Surrendering to Stillness

Mom is really upset with me the first few days after the accident, and I feel terribly guilty to be dependent on her for my every need, especially after all this time with my bum foot. Although I’m not excited to be bedridden in her tiny apartment, I know that full acceptance is my best refuge and will expedite my healing. I’m going to be okay, so I must embrace this and think positively. I must accept with trust if I am to understand why this has come into my reality.

I lie flat in my neck brace, staring at the ceiling, studying the plaster. I’m not going anywhere. Not returning emails, writing blog posts, completing shopping lists, or meeting anyone. I can’t even watch a movie, unless it’s projected on the ceiling. For the first time in, well, as long as I can remember, I just have to lie here and be.

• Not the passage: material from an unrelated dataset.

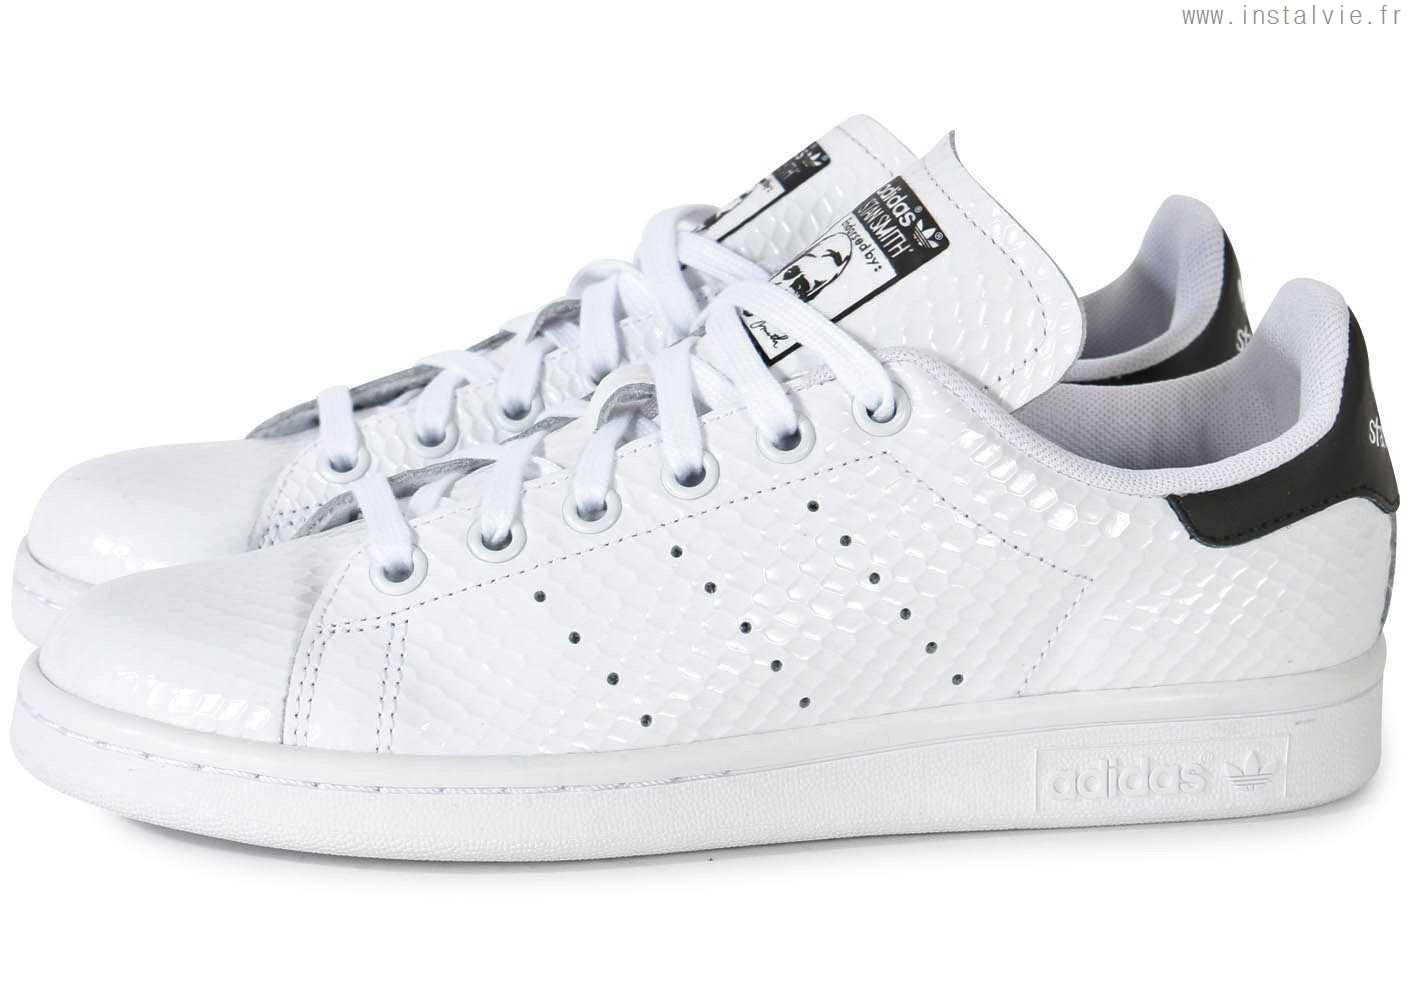 0afb705ca7ae3 adidas stan smith femme blanc et noir

Surrendering to Stillness Photo Gallery




In surrender, my mind feels more at ease; immobility has never been comfortable for me. On the upside: My foot will have more time to heal, and I don’t have to go back and face Rainui or the boatyard yet. In the downtime I research bone healing, holding my smartphone up over my face. I learn about the benefits of nettle tea and that, contrary to common belief, dark leafy greens do more than milk and dairy products to build bone. Nothing in my horizontal Internet research points to needing meat, so I stay with the decision I’d made after meeting the black boar in the forest, to cut out all meat and dairy products and eat a plant-based diet (aside from the occasional fish).

While I’m healing, I cut out all caffeine, refined sugar, alcohol, and processed foods, too. Mom is slightly shocked by my new diet for “the girl that lived on cheese and ice cream” but she graciously accommodates my picky requests while I devour audioblogs. At my three-week checkup, my doctor is impressed by the rate of my healing and loosens my leash a little.

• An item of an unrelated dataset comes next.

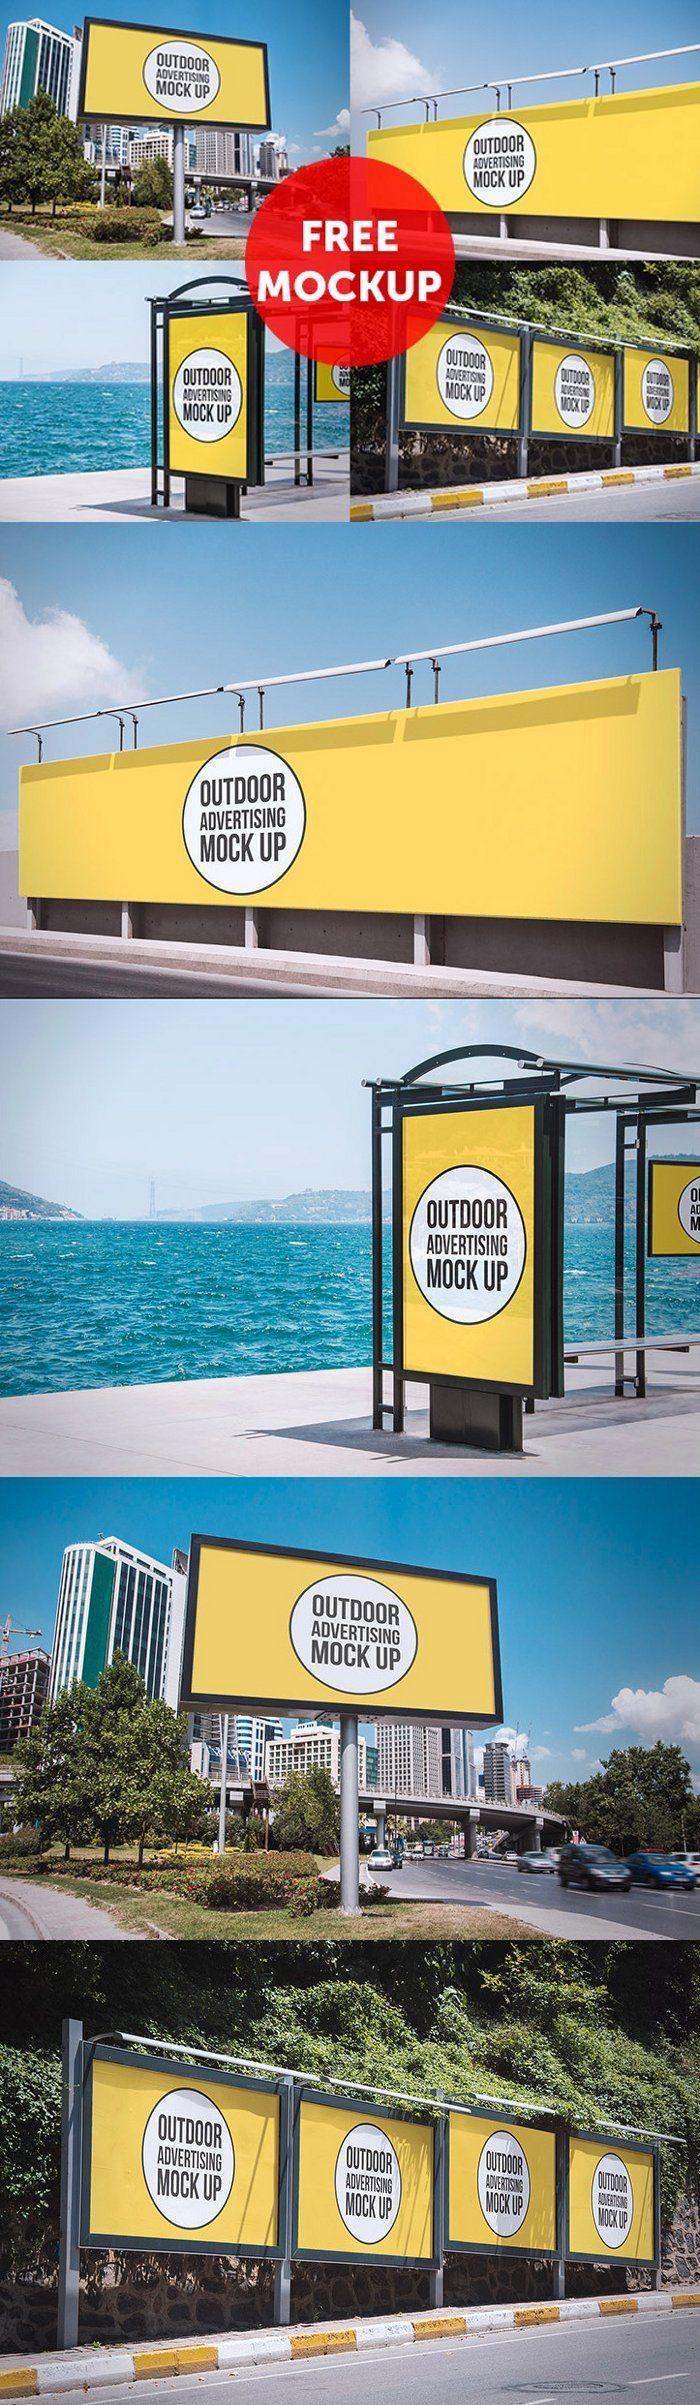 Free PSD: Outdoor Advertising Mockup by Mucahit Gayiran #mockup #psd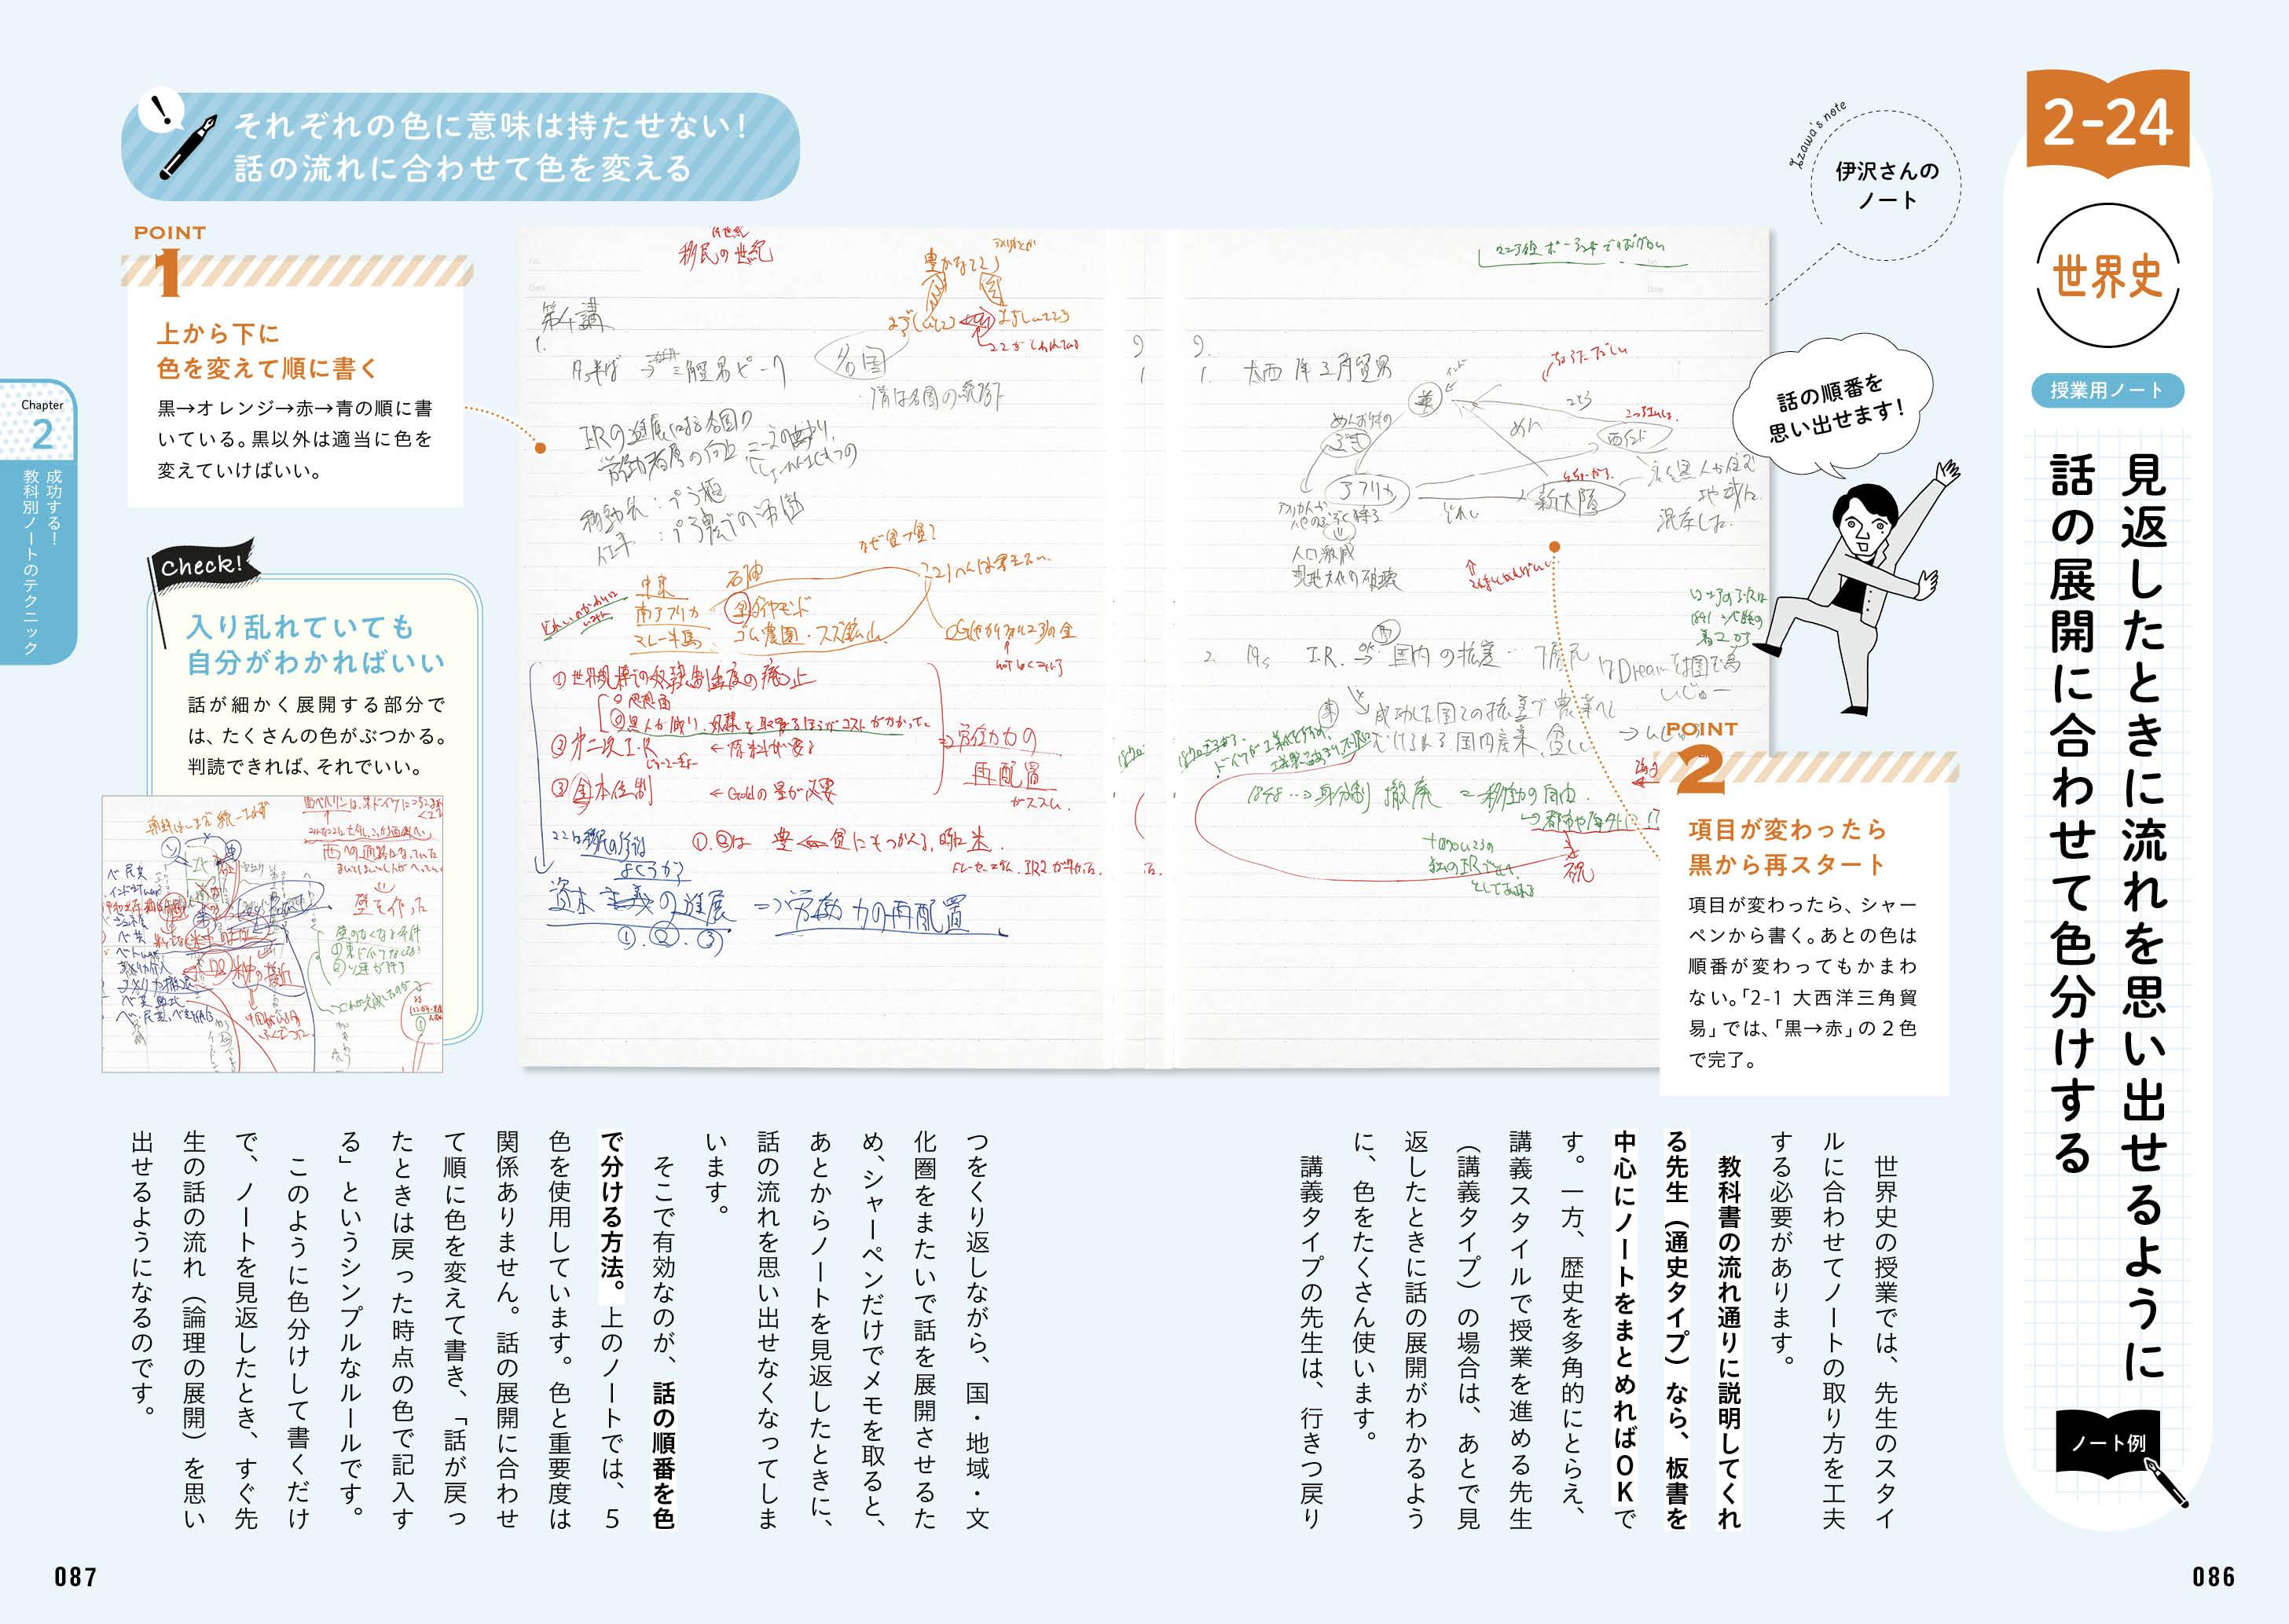 「世界史」授業用ノートの実例。実際のノート、使い方のエピソード、ポイントが見開きでわかりやすくまとまっています。

Shortly after, my favorite high school English teacher comes to visit, and she calls again a week later. Would I like to house-sit her friend’s mansion in the pine trees for the next two months? Hell yes! Ironically, the beautiful home overlooks the beach where the accident occurred. Mom helps me get settled in and plans to stop by often, knowing it’s a great healing environment, with its big windows, ocean views, back patio, and even a sauna. I can walk around for short periods, but otherwise must stay on my back, wear my neck brace, and relax.

Friends come to visit, and one gives me a pair of prism glasses that make it possible for me to lie flat but see horizontally. I can now read blogs and watch movies.

I devour a stack of suggested blogs. Each one offers important messages, links spiritual ideas, and provides insight into how to push past the blocks that keep me from becoming the person I want to be. My neck break doesn’t seem like an accident anymore. When I made that list way back on the passage to Kiribati, I never expected to be here, but ask and you shall receive: Conversations with God, Power vs. Force, Mutant Message Down Under, Autobiography of a Yogi, Journey of Souls, The Sculptor in the Sky, and the Tao Te Ching all provide new tools, perspectives, and wisdom.

When I’m tired of reading, I throw on one documentary after another, and learn volumes about animal husbandry in America the horrifyingly inhumane living conditions and undignified slaughter the animals are subjected to, the appalling life of slavery of a modern dairy cow, the incredibly costly environmental effects of animal agriculture. I’m shocked to learn that raising animals for meat and dairy is a significant source of the greenhouse gases that are causing climate change. And that clearing land for pasture is directly linked to deforestation, habitat loss, and a large majority of land-based species extinction. Or that it takes hundreds of gallons of water to produce the meat in a single hamburger!

I don’t understand why these issues aren’t better known, until I think about all the money involved. It becomes clearer why plant-based diets aren’t being promoted as solutions to heart disease, high blood pressure, arthritis, cancer prevention, digestive issues, and more despite plenty of research clearly pointing to their effectiveness. I watch stories of people winning triathalons, weight-lifting competitions, and a variety of endurance sports all on a diet of strictly plants this myth we’ve been sold about needing meat for protein just isn’t true.

As I gain more mobility, I spend more time outside. I drink tea with my feet in the dirt, or lie on my yoga mat and meditate under the sky. It’s a miracle I get to heal and expand my mind in such a peaceful, therapeutic setting.